Calculate your SCHD dividend returns with New Jersey's graduated state income tax (2% to 10.75%). Plan your dividend strategy with competitive Mid-Atlantic tax rates.
*Combined federal (15%) + New Jersey (10.75% top)
| Year | Portfolio Value | Annual Dividends | NJ State Tax (10.75%) | After-Tax Income |
|---|
New Jersey uses a graduated state income tax, with rates ranging from 1.4% to 10.75% (top rate). SCHD dividends are taxed as ordinary income, making New Jersey one of the highest in the nation for dividend investors.
New Jersey's eight-bracket system for single filers (key thresholds):
Most dividend investors will pay the 10.75% top rate depending on their total income level.
New Jersey taxes qualified dividends from SCHD as ordinary income:
Key aspects of New Jersey taxation for dividend investors:
Maximize your after-tax SCHD returns in New Jersey:
See how New Jersey's 10.75% top rate compares on a $100,000 SCHD investment generating $3,910 annually:
Bottom Line: New Jersey's 10.75% rate is competitive in the Mid-Atlantic. While Pennsylvania offers a lower flat rate, New Jersey's rate is identical to Virginia and significantly better than DC. Over 20 years vs DC, New Jersey saves $3,320.
New Jersey has a graduated state income tax with a top rate of 10.75% on income over $250,000 for single filers. SCHD dividends are taxed as ordinary income, with rates ranging from 1.4% to 10.75% (top rate) depending on your total income level.

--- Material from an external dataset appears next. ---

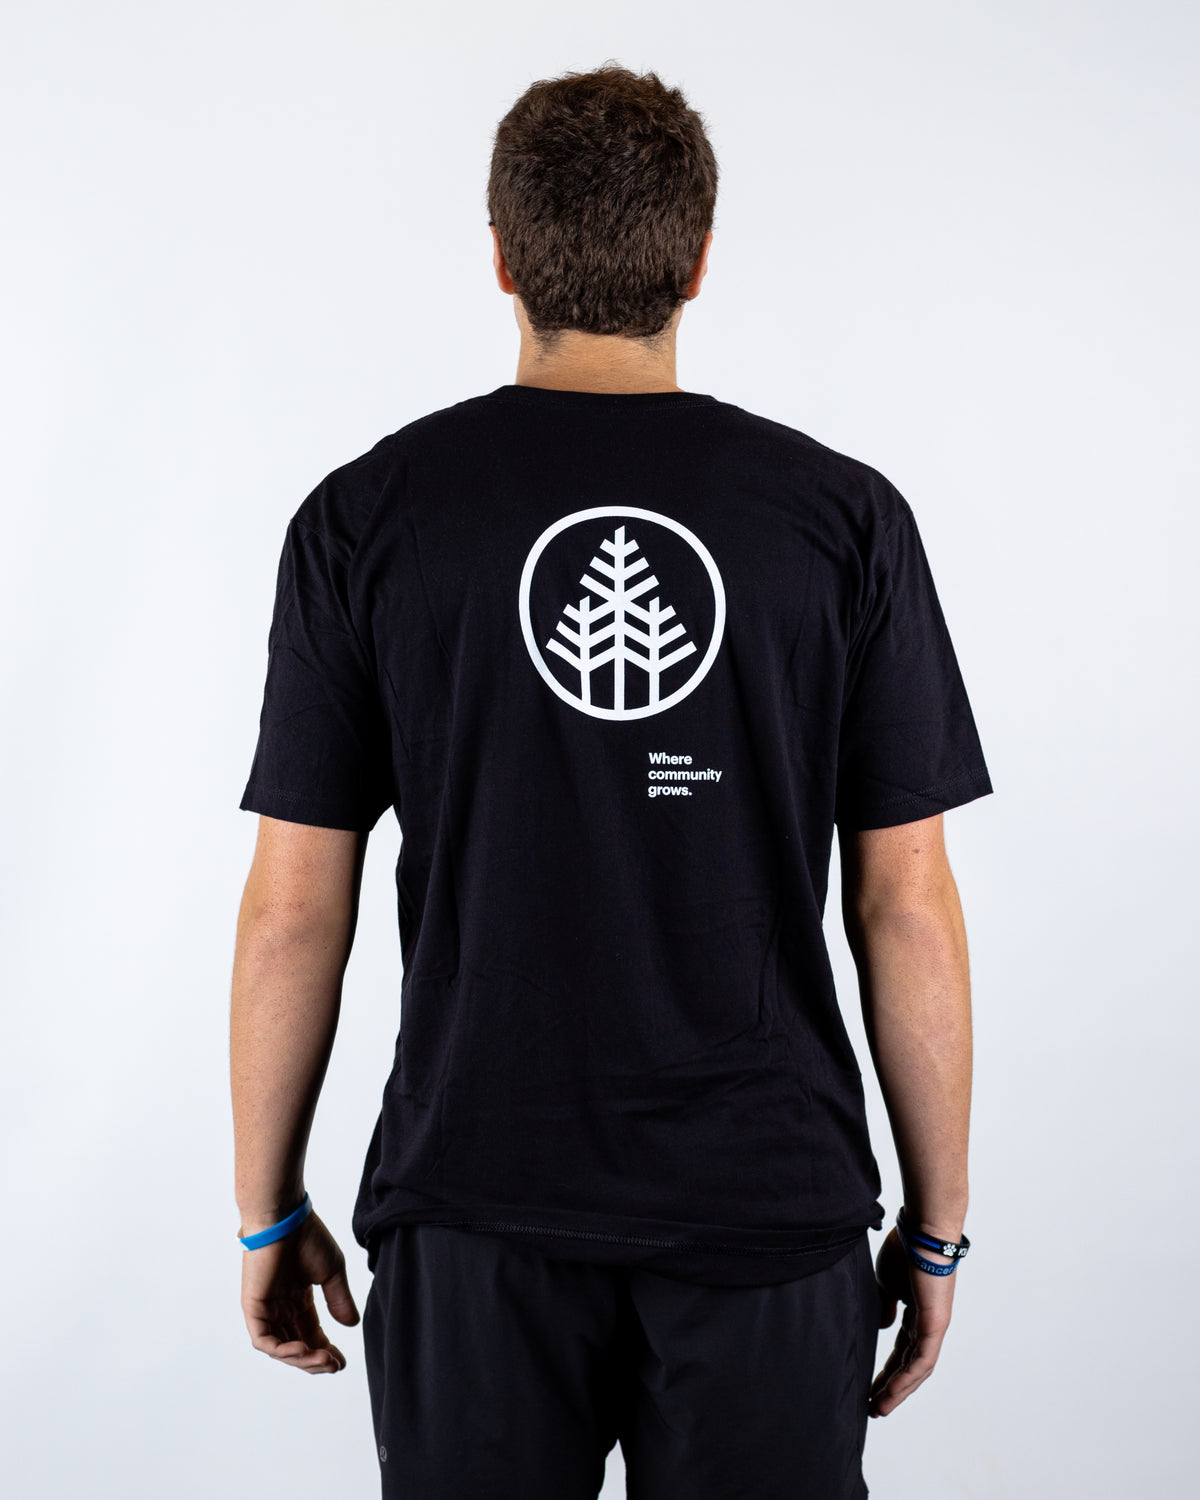 Black T Shirt with Tree Stamp; Where Community Grows
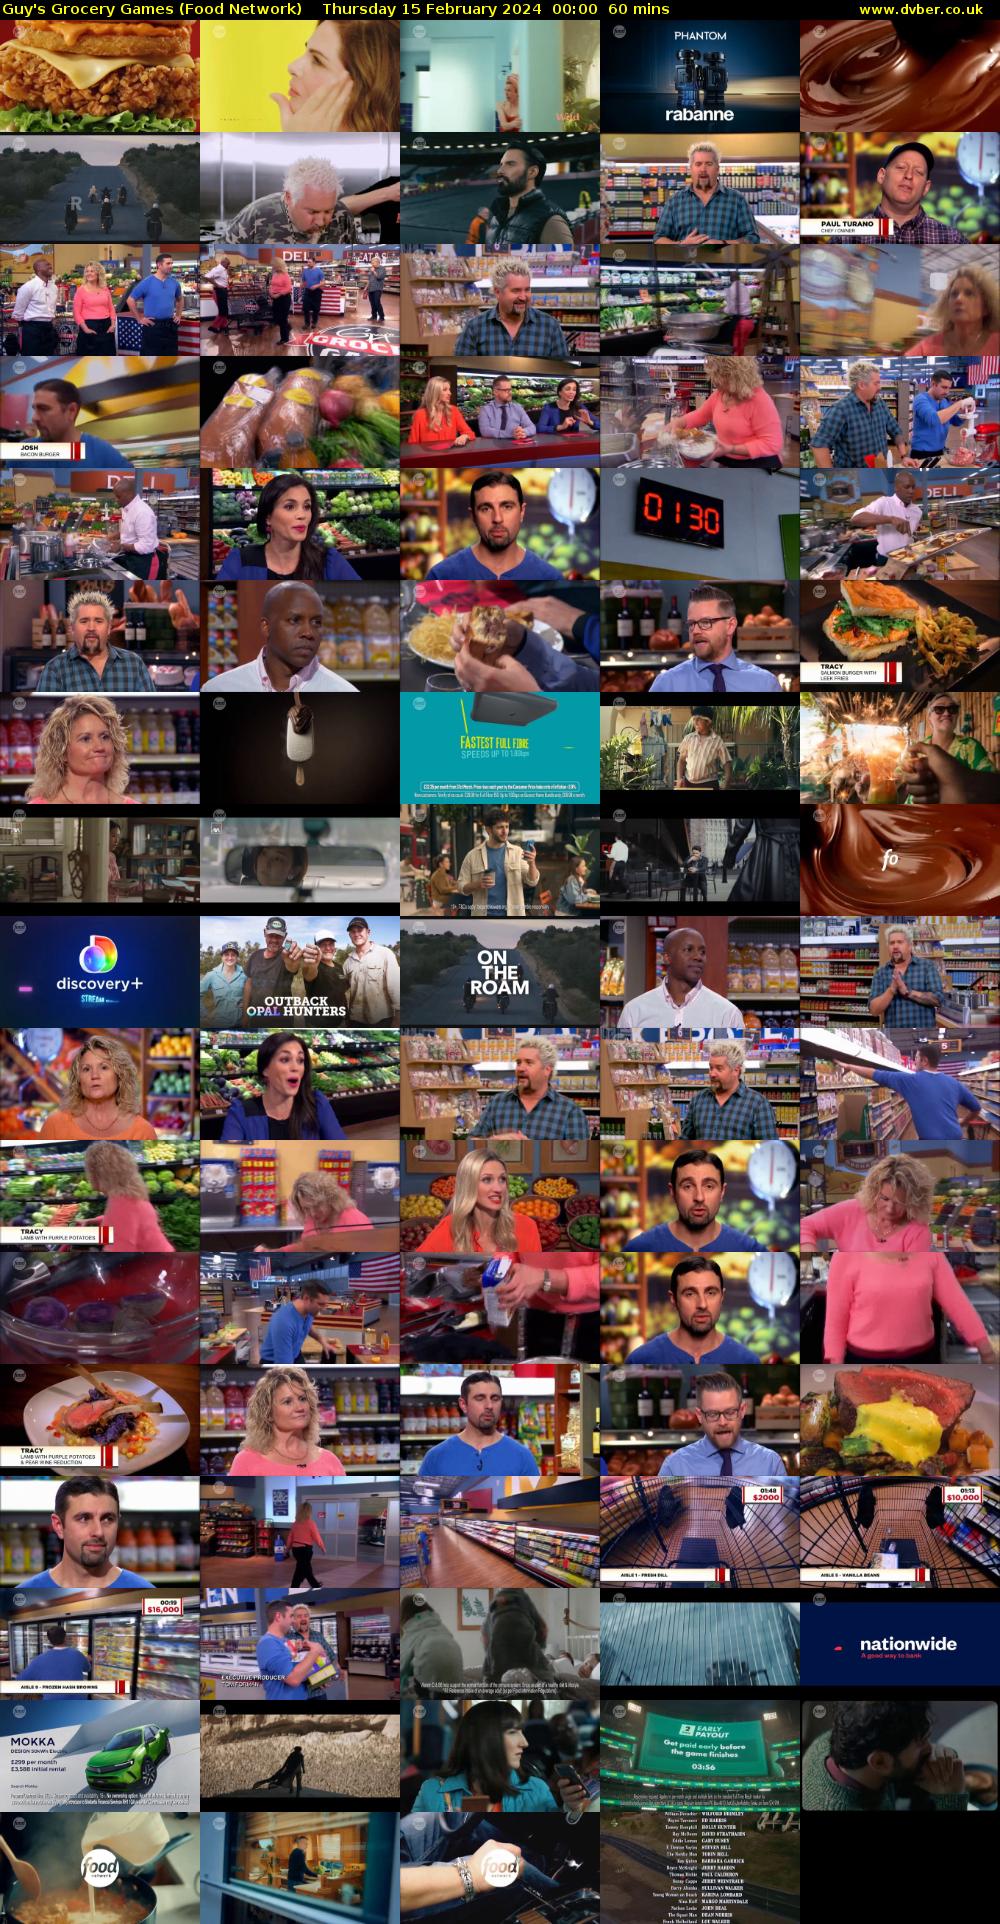 Guy's Grocery Games (Food Network) Thursday 15 February 2024 00:00 - 01:00

No. New Jersey taxes qualified dividends from SCHD as ordinary income using graduated brackets (2%, 3%, 4%, 4.75%, 5%, 5.25%, 5.5%, 10.75%). Unlike federal tax law which offers preferential rates for qualified dividends, New Jersey treats all dividend income the same as wages.
On a $100,000 SCHD investment generating $3,910 in annual dividends, New Jersey residents pay $420 in state tax (10.75% top rate) - the second-highest burden in the nation. Retirees may qualify for generous pension exclusions.
New Jersey offers a pension exclusion for taxpayers 65 and older or totally disabled. However, dividend income from taxable brokerage accounts typically does not qualify for this exclusion. Retirement account distributions may have different treatment.
With New Jersey's 10.75% top state tax plus 15% federal rate (30.75% total), tax-advantaged accounts like Roth IRA provide substantial long-term benefits. New Jersey's moderate rate makes retirement accounts particularly valuable for long-term growth.
New Jersey is NOT tax-friendly with a 10.75% top rate - one of the highest in the nation. The graduated structure with eight brackets means lower and middle earners pay significantly less than the top rate.
For most investors: 15% federal qualified dividend rate + 10.75% New Jersey top state tax = 30.75% total. High earners pay 20% federal + 10.75% state = 30.75% total - among the highest in the nation - second only to California and New York.